Brown owns a two-family home on Bauer Avenue, less than 500 feet from the soccer club’s construction site in the West End. He rents out the first floor and lives on the second, where he flies a Pan-African Liberation Flag from a street-facing window.
“I’m not listening to any offers,” he said.
Only Realtors and land speculators have approached Brown so far. His response would be different if FC Cincinnati owner Carl Lindner approached him directly.
“I would be interested,” Brown said, smiling. “What do they say? Money talks.”
Talking or not, money is at the heart of a 14-month-old community benefits agreement between FC Cincinnati and the West End Community Council.
Community benefits agreements are contracts that require developers of large real estate projects to deliver economic concessions to community organizations in exchange for public support of their project. The concept originated in Los Angeles in the early 2000s but has since spread to New York, Chicago, Atlanta and more than a dozen other U.S. cities.
You’ve probably heard something about FC Cincinnati’s deal, which calls for the team to spend $100,000 a year on youth soccer programs and offer jobs and contract opportunities to West End residents.
What you may not know is how the deal compares to similar agreements in other Major League Soccer cities, how the team is living up to its terms or how the deal substantially changed in the weeks leading up to the city’s approval of stadium funding.
Those changes restricted the West End’s ability to enforce the contract, said Julian Gross, a PolicyLink attorney in Oakland, California. He’s worked on more than 20 community benefits agreements in other cities and called Cincinnati’s deal “a dereliction of duty” by Cincinnati City Council.
“It reads like an agreement that is not meant to be enforced,” Gross said. “Key enforcement roles are essentially thrown to a city-appointed body that is not a party to the agreement rather than the purported community advocates that have a right to enforce in valid CBAs.”
The team says the agreement is enforceable.
"If any party believes that FCC is in default of the agreement, there will be a meeting in good faith to resolve the issue," said spokeswoman Anne Sesler. "If the issue is not resolved arbitration can be initiated."
The I-Team has been studying FC Cincinnati’s stadium contracts to better understand how the project could impact taxpayers and the neighborhoods that surround it. In June, our analysis showed the team’s stadium and practice facility could end up costing taxpayers more than $200 million over 20 years, including $80 million in borrowing costs and $100 million in property tax exemptions.
In round two of this analysis, the I-Team spent two months reviewing the community benefits promises made by MLS teams with active stadium projects in Cincinnati, Nashville, Austin, Miami and Columbus.
Based on contracts and public statements issued by MLS teams, FC Cincinnati will contribute less to its new neighbors than its counterparts in other cities:
- Nashville SC claims it will spend $75 million to comply with the terms of its CBA, announced in September. The contract does not clearly specify the cost of its terms.
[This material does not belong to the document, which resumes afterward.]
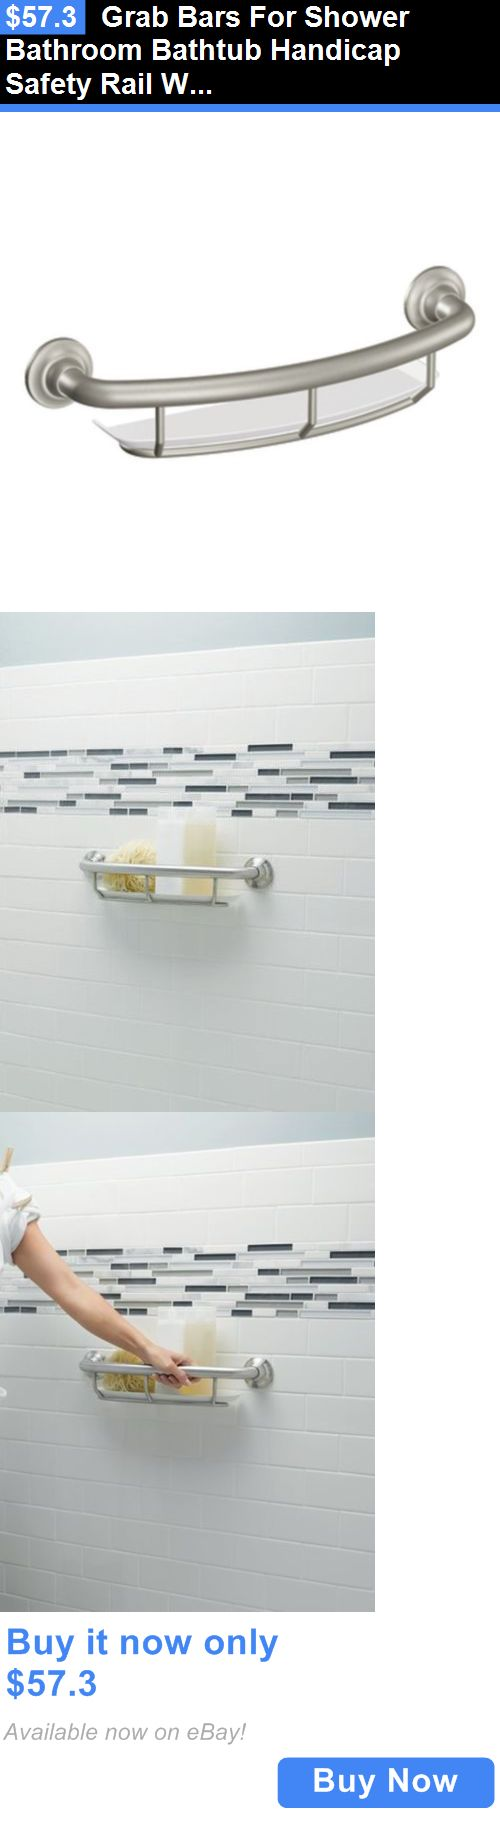 Handles And Rails: Grab Bars For Shower Bathroom Bathtub Handicap Safety  Rail With Shelf Grip

- Inter Miami CF promised $25 million in public contributions in a proposed CBA it submitted to the city June 5.
- Austin FC details more than $70 million in spending over 30 years in a Community Benefits exhibit that’s part of the team’s lease for city-owned land. Its deal includes $36 million for a player development academy.
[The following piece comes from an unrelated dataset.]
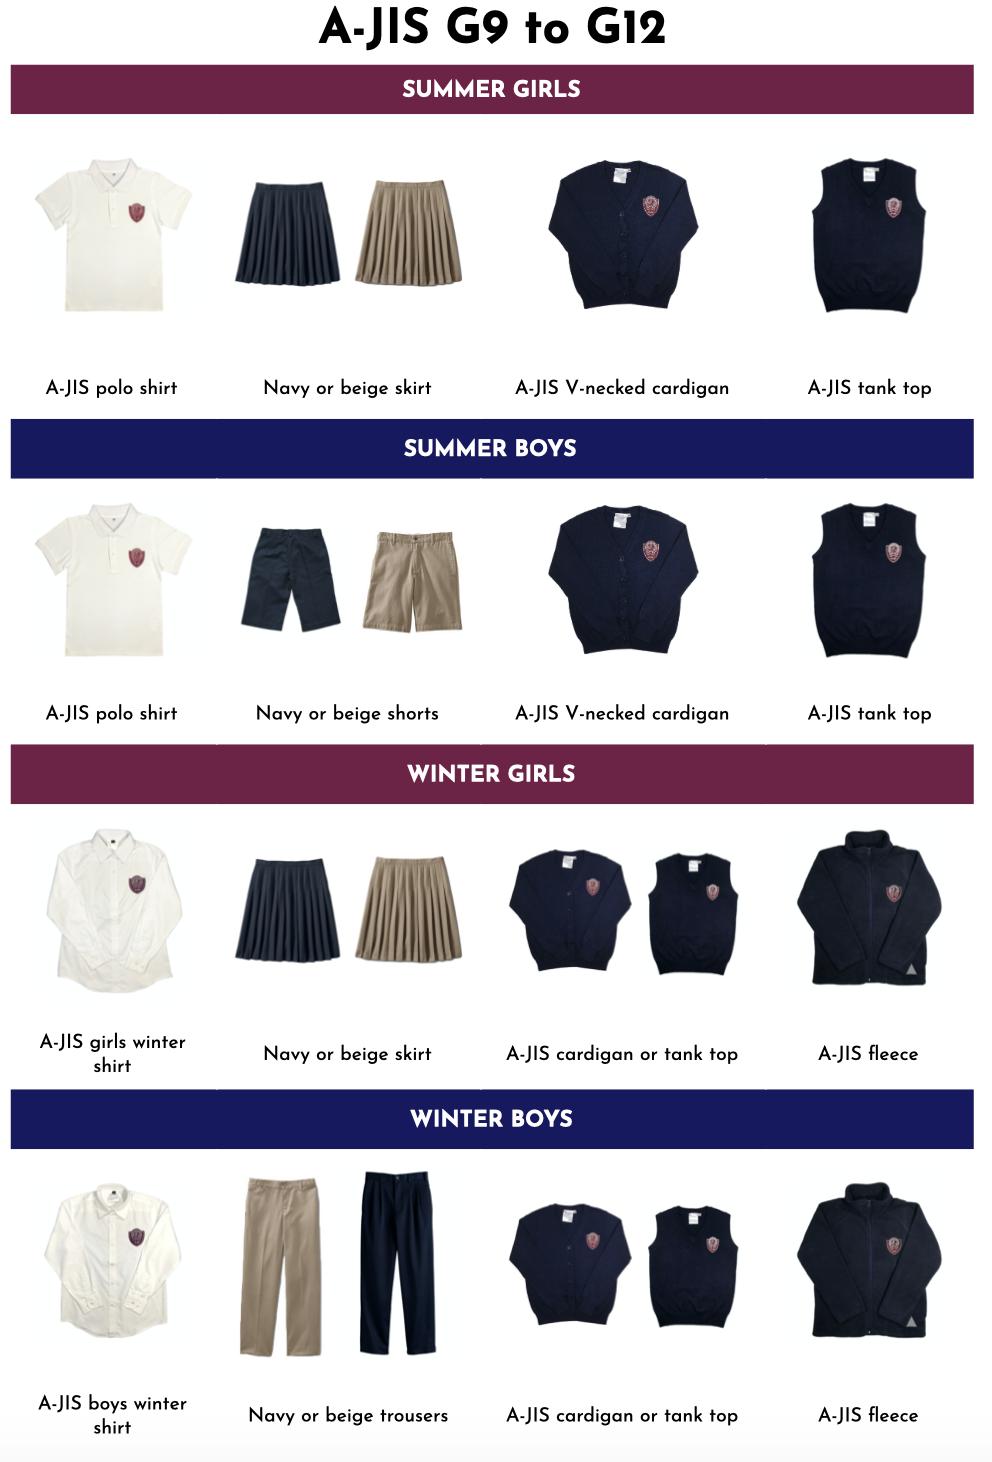 ajis-uniform-guide-2020-7.png

- The new owners of the Columbus Crew haven’t announced a CBA. But the team has promised to spend more than $50 million over 30 years on charitable contributions, soccer fields and other community benefits as part of its deal for a $280 million stadium near that city’s Arena District.
- FC Cincinnati will spend about $16.1 million for the costs clearly identified in its CBA. The team says it will actually spend more than $50 million on community benefits, including costs not quantified by the contract.
"It is completely misleading to cherry pick specific aspects of the final or proposed community benefits agreements for those stadium projects and compare them to FCC’s CBA," wrote Brock Denton, general counsel for FC Cincinnati. "There are significant differences between the West End Stadium and the MLS stadium projects in other markets, specifically as it relates to the other cities’ direct public support for stadiums and related mixed-use development, use of public land for stadiums, and differences in how those markets obtained an MLS team."
Denton declined to be interviewed for this story. His full statement can be found here .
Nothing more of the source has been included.